We had RAW264.7 cells in high glucose DMEM after 24 hours of treatment with 0 µM, 50 µM, 75 µM, 100 µM, 150 µM, and 200 µM concentrations of MLT. On the other hand, we had A-375 cell lines floating in high glucose DMEM after centrifugation. The floating A-375 cells were added to wells containing RAW264.7 cells treated with a certain concentration of MLT, so that the number of A-375 cells was equal to that of RAW264.7 cells. The cells were cultured together for 24 hours. Then, the morphological characteristics of the floating A-375 cells after exposure to MLT-treated RAW264.7 were examined and recorded with an inverted microscope. The non-adherent A-375 cells were slowly isolated, and after counting with trypan blue, an MTT toxicity assay was performed for the A-375 cell lines. Next, an equal concentration of DMSO was added, and after several times of pipetting, the light absorption created at the wavelength of 540 nm was read by the ELISA reader.

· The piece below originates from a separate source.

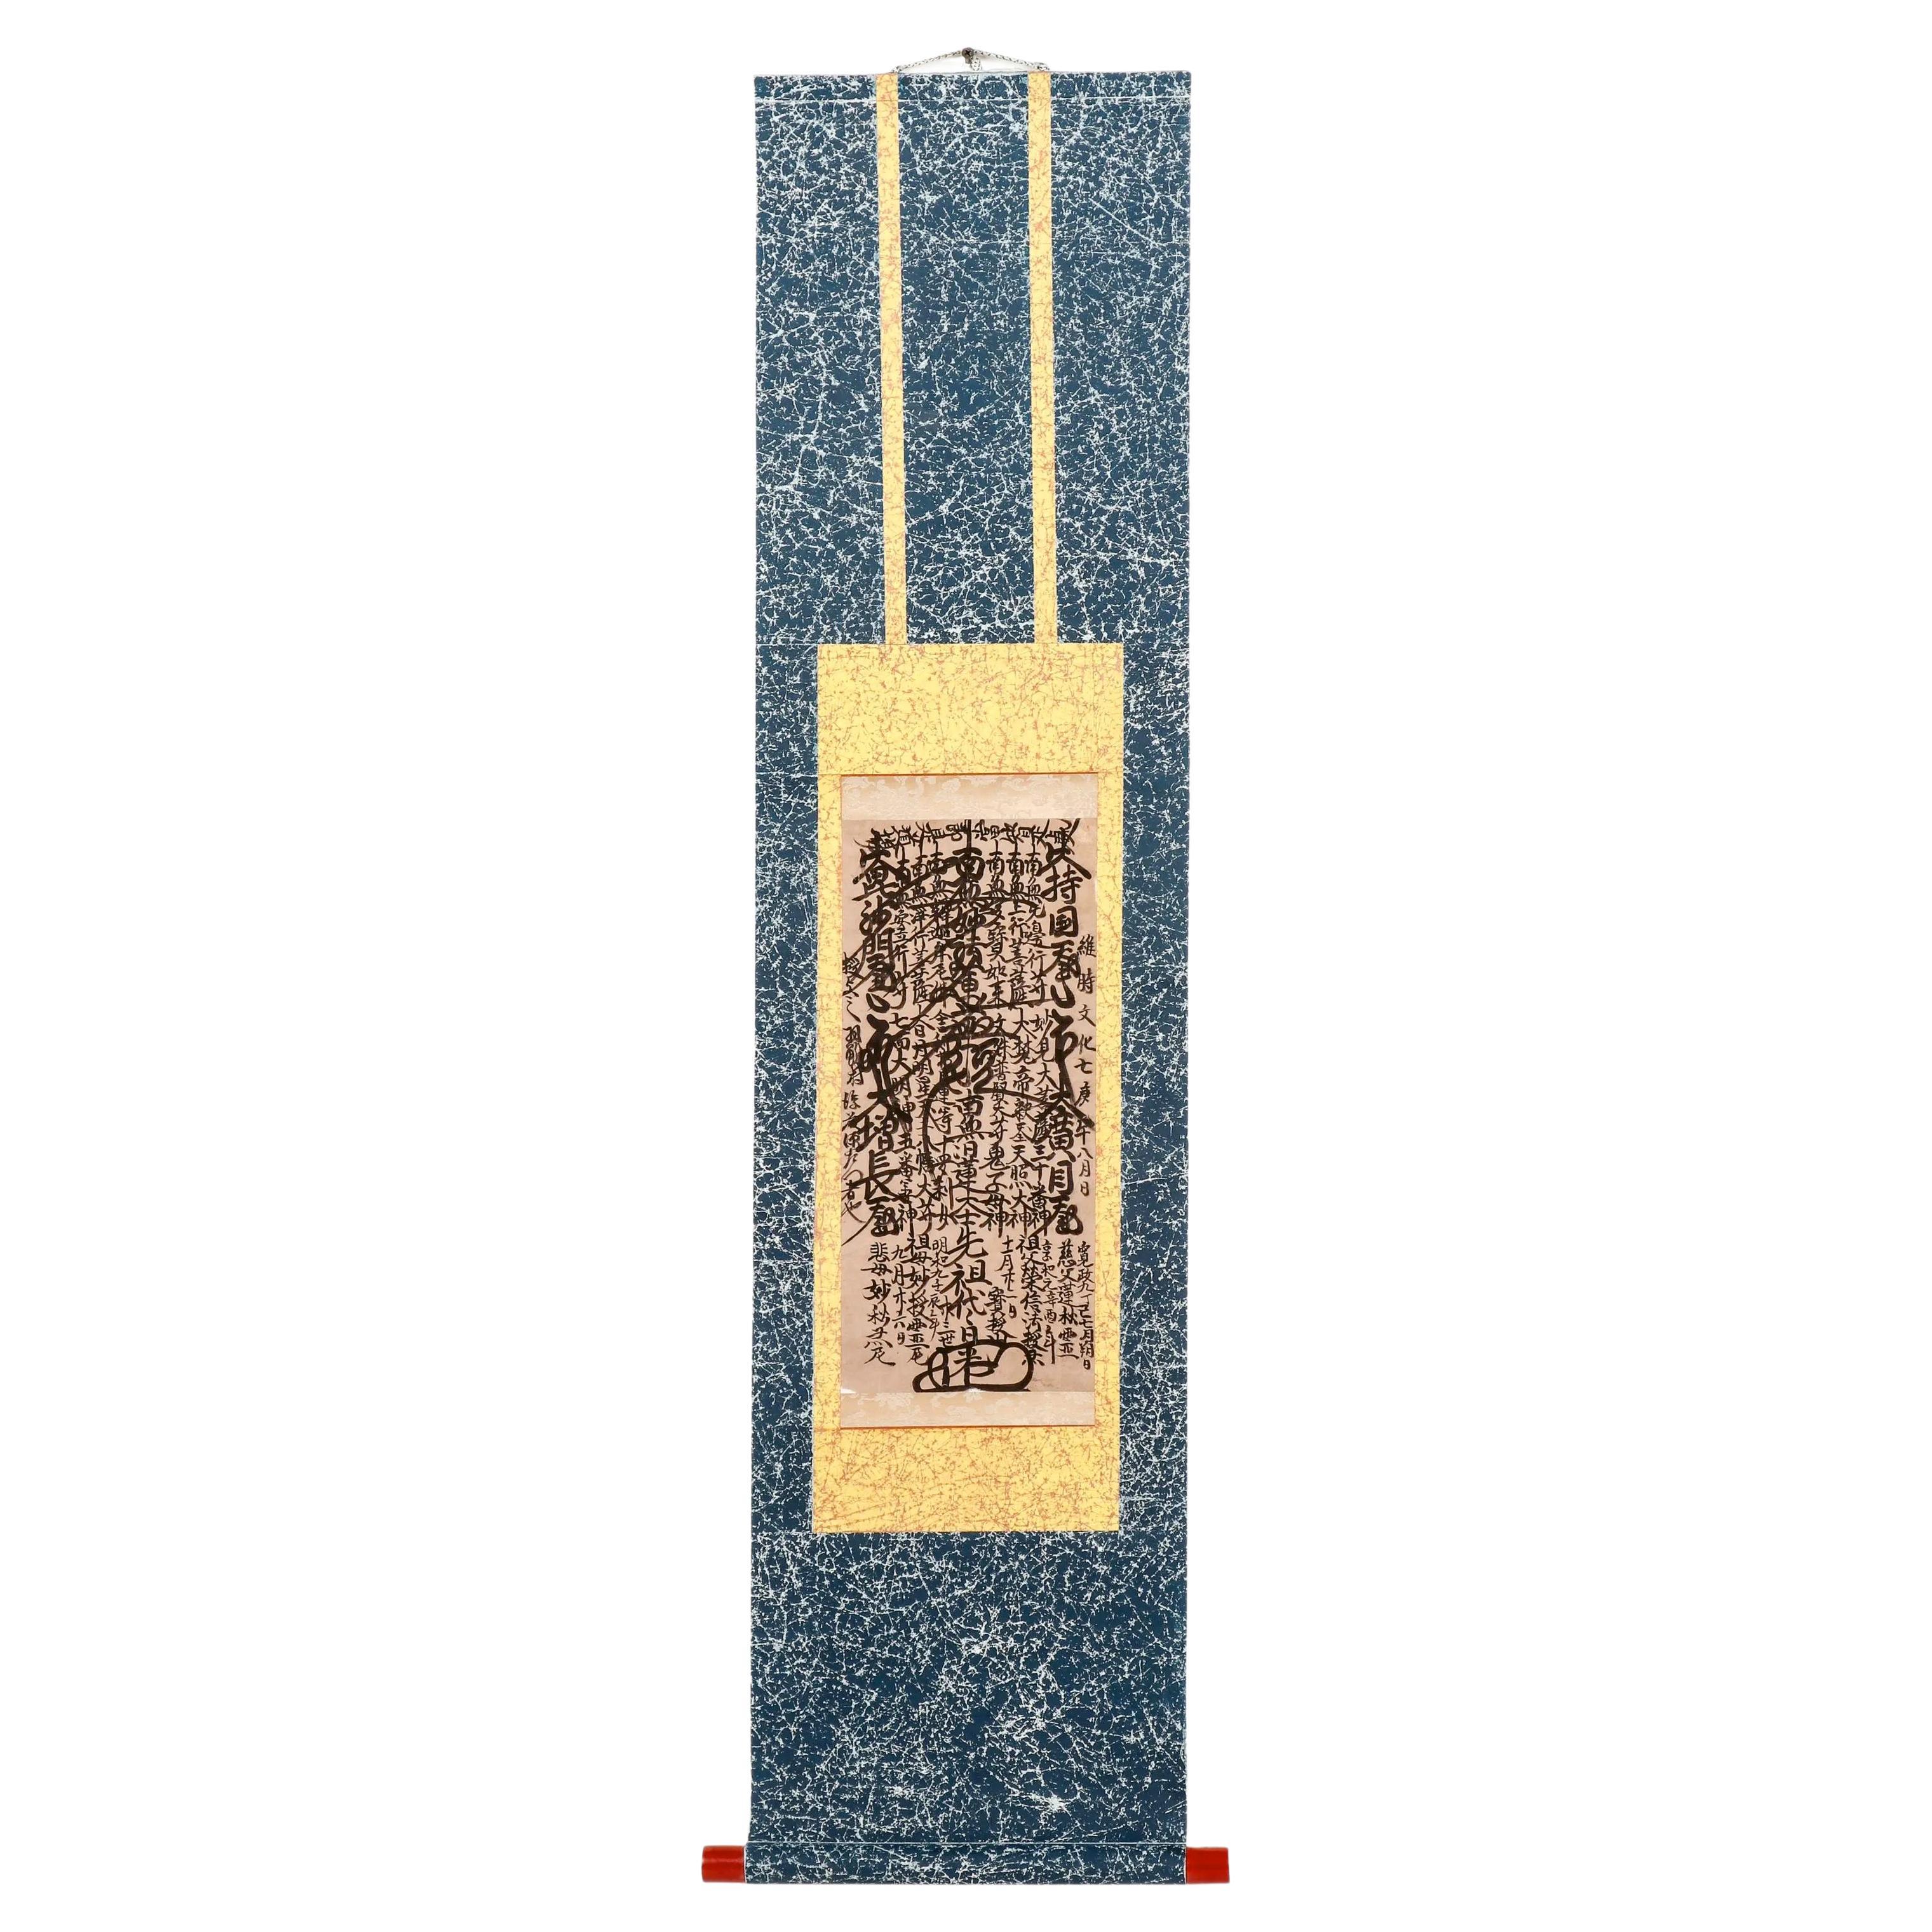 Early Japanese Gohonzon Buddhist Calligraphy Mandala Scroll Edo Period

Measurement of the Production of Myeloperoxidase From the Supernatant of RAW264.7 Cells

MPO plays a key role in the innate immune system and regulates inflammation through the production of active species and the oxidation of vital molecules such as lipids and proteins. Therefore, it is possible to understand the function of the cells to some extent by measuring MPO in the immune cells under the influence of a specific disease.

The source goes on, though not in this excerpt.